Fennel Polenta

Fennel Polenta

Savory cornmeal cake infused with roasted fennel puree and finished with a pan-seared golden crust.

5h 55mIntermediate7 servings

Equipment

Roasting pan
Food processor
Large saucepan
Wooden spoon
Whisk
9x13 inch baking pan
Parchment paper
Nonstick skillet

Ingredients

7 servings

Fennel Component

  • 2 fennel, trimmed bulbs, stems removed
  • 120 ml water
  • 30 ml milk

Polenta Base

  • 390 ml milk
  • 360 ml poultry stock
  • 5 g salt
  • 2 g black pepper, freshly ground
  • 2 g nutmeg, freshly grated
  • 210 g cornmeal

Finishing

  • 60 g unsalted butter
  • 15 g butter
  • 15 ml vegetable oil

Nutrition (per serving)

286
Calories
6g
Protein
34g
Carbs
14g
Fat
4g
Fiber
7g
Sugar
418mg
Sodium

Method

01

Preheat the oven to 200°C (400°F).

02

Place the fennel bulbs and 120ml water in a roasting pan and roast on the lowest rack for 60 minutes until very tender.

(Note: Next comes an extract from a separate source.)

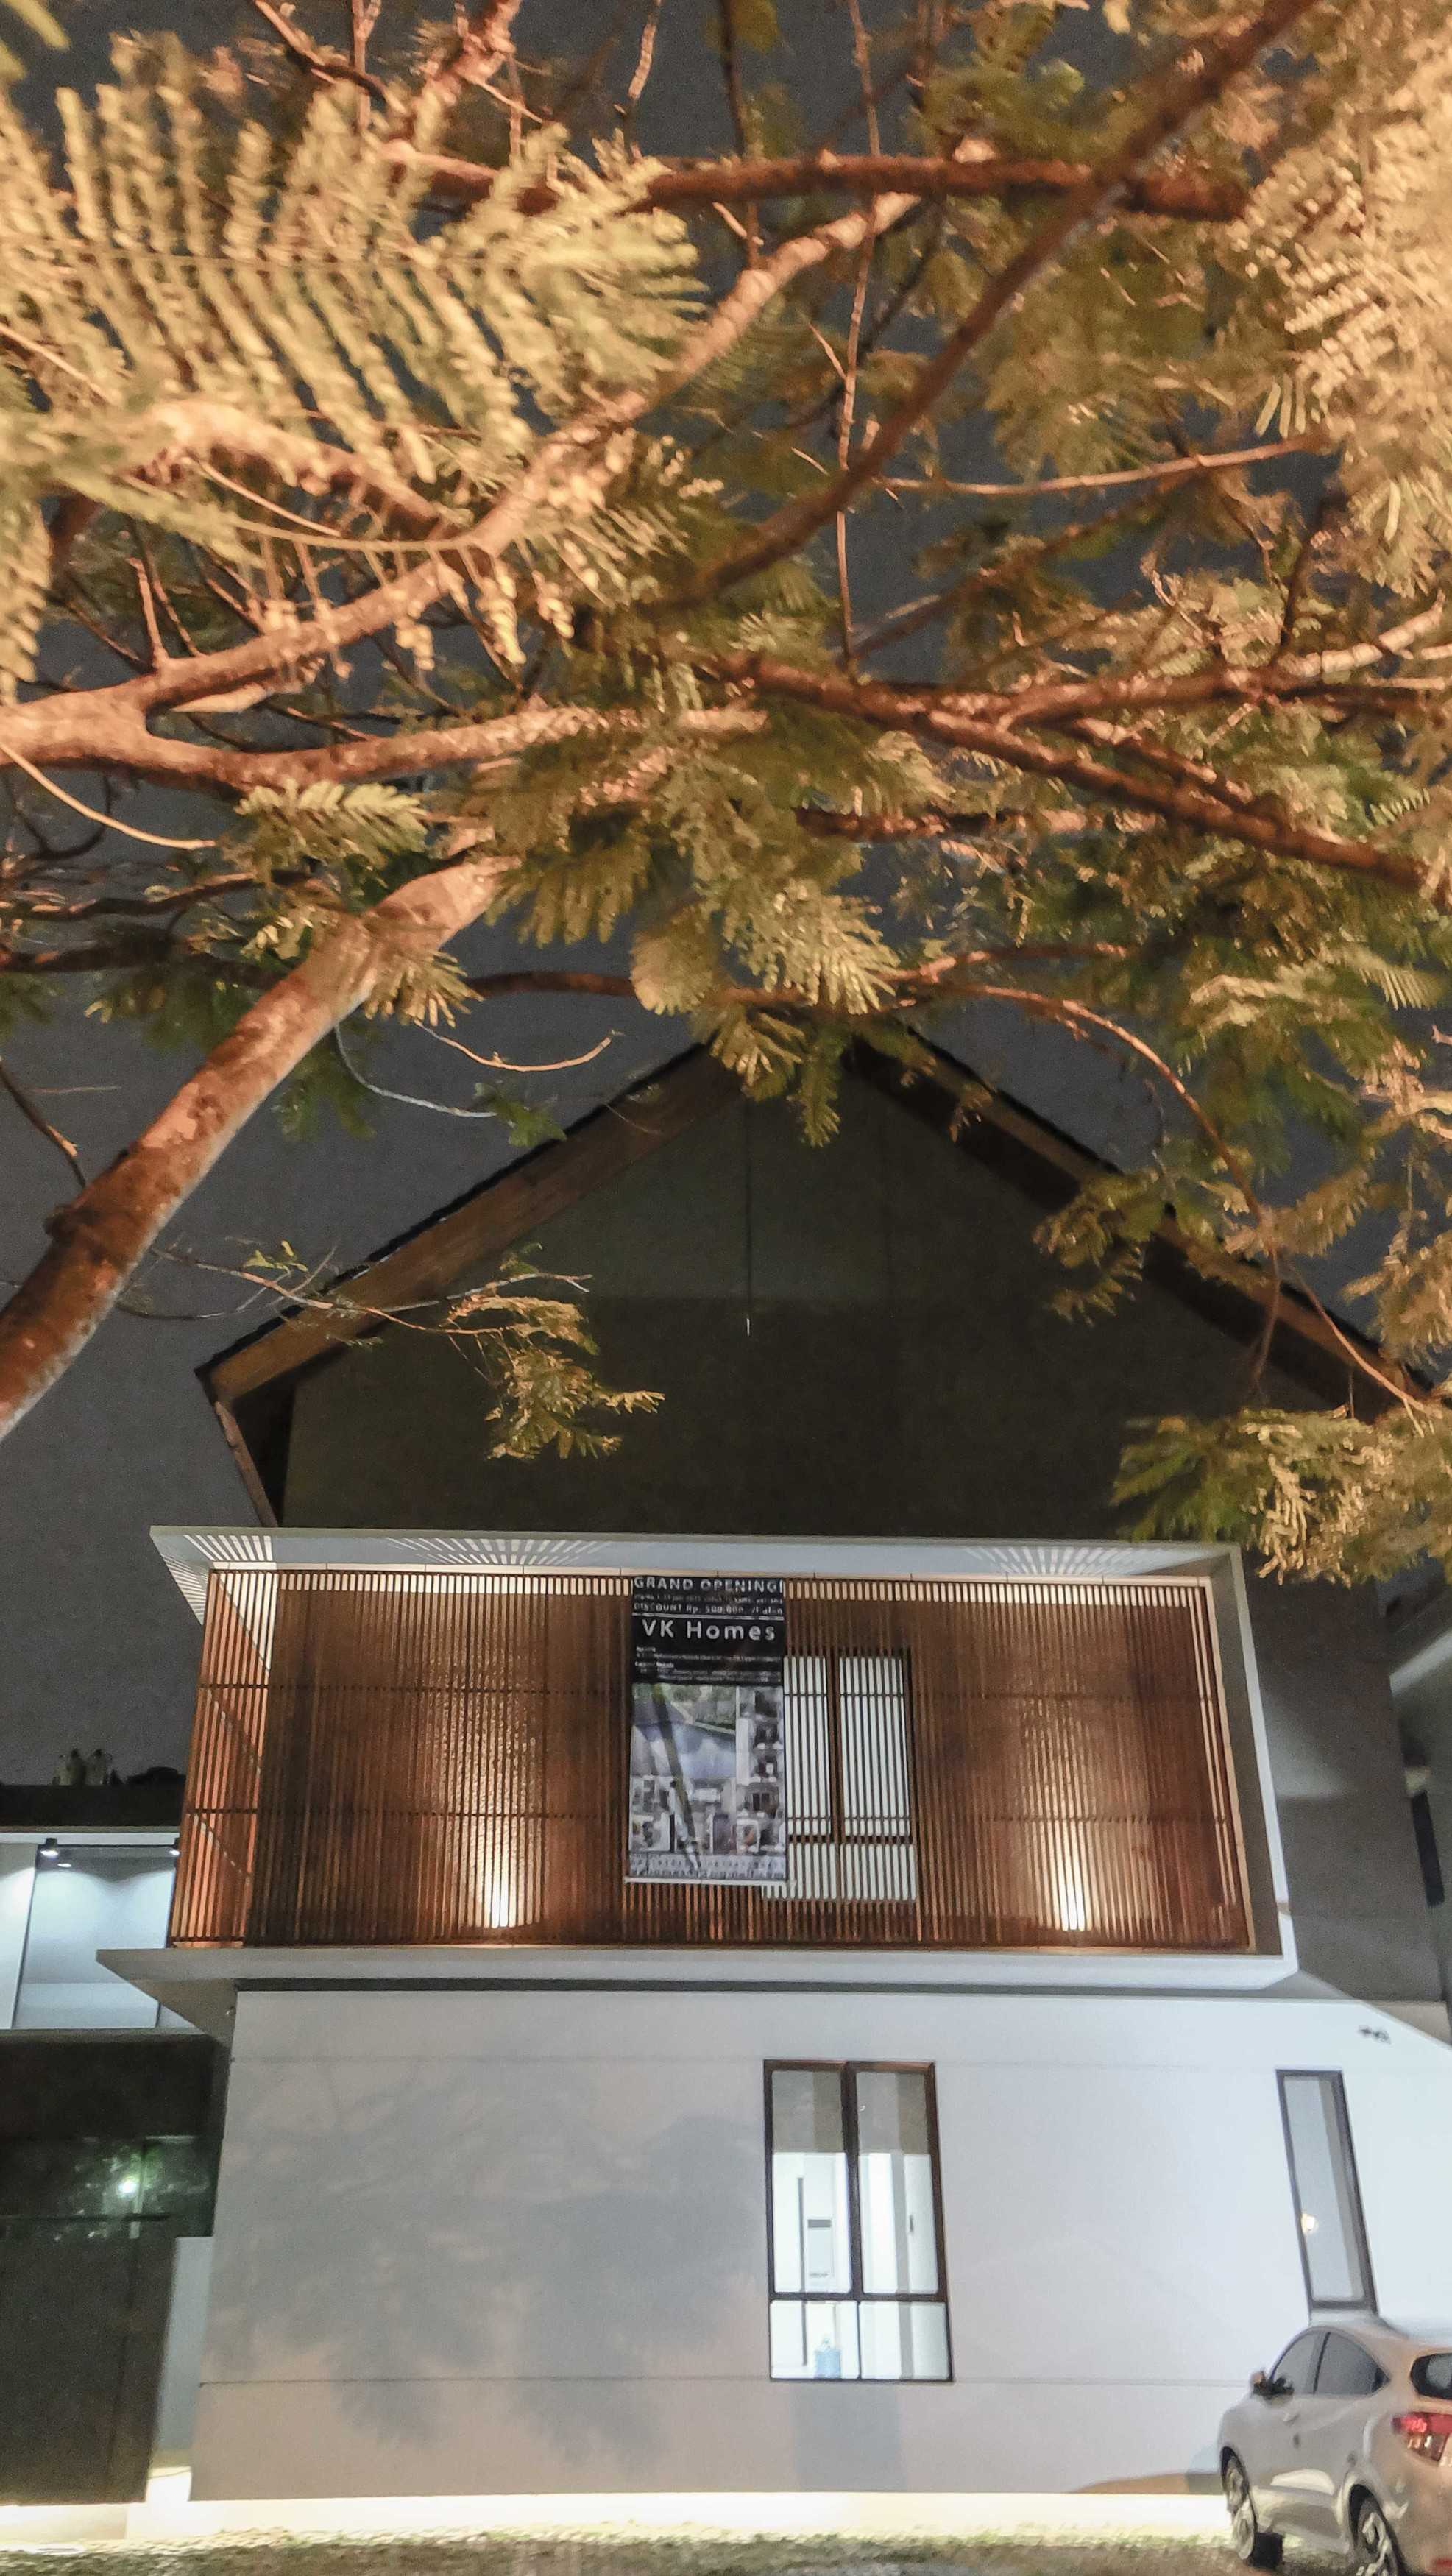 Gohte Architects Vk Homes Lippo Karawaci, Binong, Kec. Curug, Tangerang, Banten, Indonesia Lippo Karawaci, Binong, Kec. Curug, Tangerang, Banten, Indonesia Gohte-Architects-Vk-Homes   96618

1hLook for: Fennel is translucent and slightly brownedFeel: Bulbs offer no resistance to a knife
03

Cool the fennel slightly, chop coarsely, and process in a food processor with 30ml of milk until the mixture is smooth.

04

In a large saucepan, combine 390ml milk, stock, salt, pepper, and nutmeg and bring to a simmer over medium heat.

05

Slowly pour in the cornmeal while whisking constantly to prevent lumps from forming.

06

Switch to a wooden spoon and cook for 15 minutes, stirring frequently, until the polenta is thick enough to support the spoon upright.

15mFeel: Spoon stands vertically in the center of the pot
07

Fold in the fennel puree, reserved chopped fennel greens, and 60g of butter until fully incorporated.

08

Pour the mixture into a 9x13 inch pan lined with parchment paper, smooth the top, cover with plastic wrap, and refrigerate for 4 hours.

4hFeel: Surface is firm and does not yield to light pressure
09

Cut the chilled polenta into 7cm (3-inch) squares and sauté in a nonstick skillet with butter over medium-high heat until the exterior is browned and crisp.

Look for: Golden brown crust on both sides

Chef's Notes

  • For an even deeper fennel flavor, consider roasting the fennel with a drizzle of olive oil and a pinch of salt and pepper before pureeing.
  • Ensure you whisk the cornmeal in gradually to the simmering liquid to prevent lumps. A fine-mesh sieve can be used to catch any rogue lumps if they form.
  • When pan-searing the polenta, don't overcrowd the pan. This ensures a crispy, golden crust rather than a steamed or soggy one.
  • The reserved fennel greens can be finely chopped and added to the polenta mixture, or used as a garnish after being sautéed separately.

Storage

Refrigerator: 4 daysStore in an airtight container with parchment between layers.

Freezer: 1 monthWrap individual squares tightly.

Reheating: Sauté in butter over medium heat until warmed through and crispy.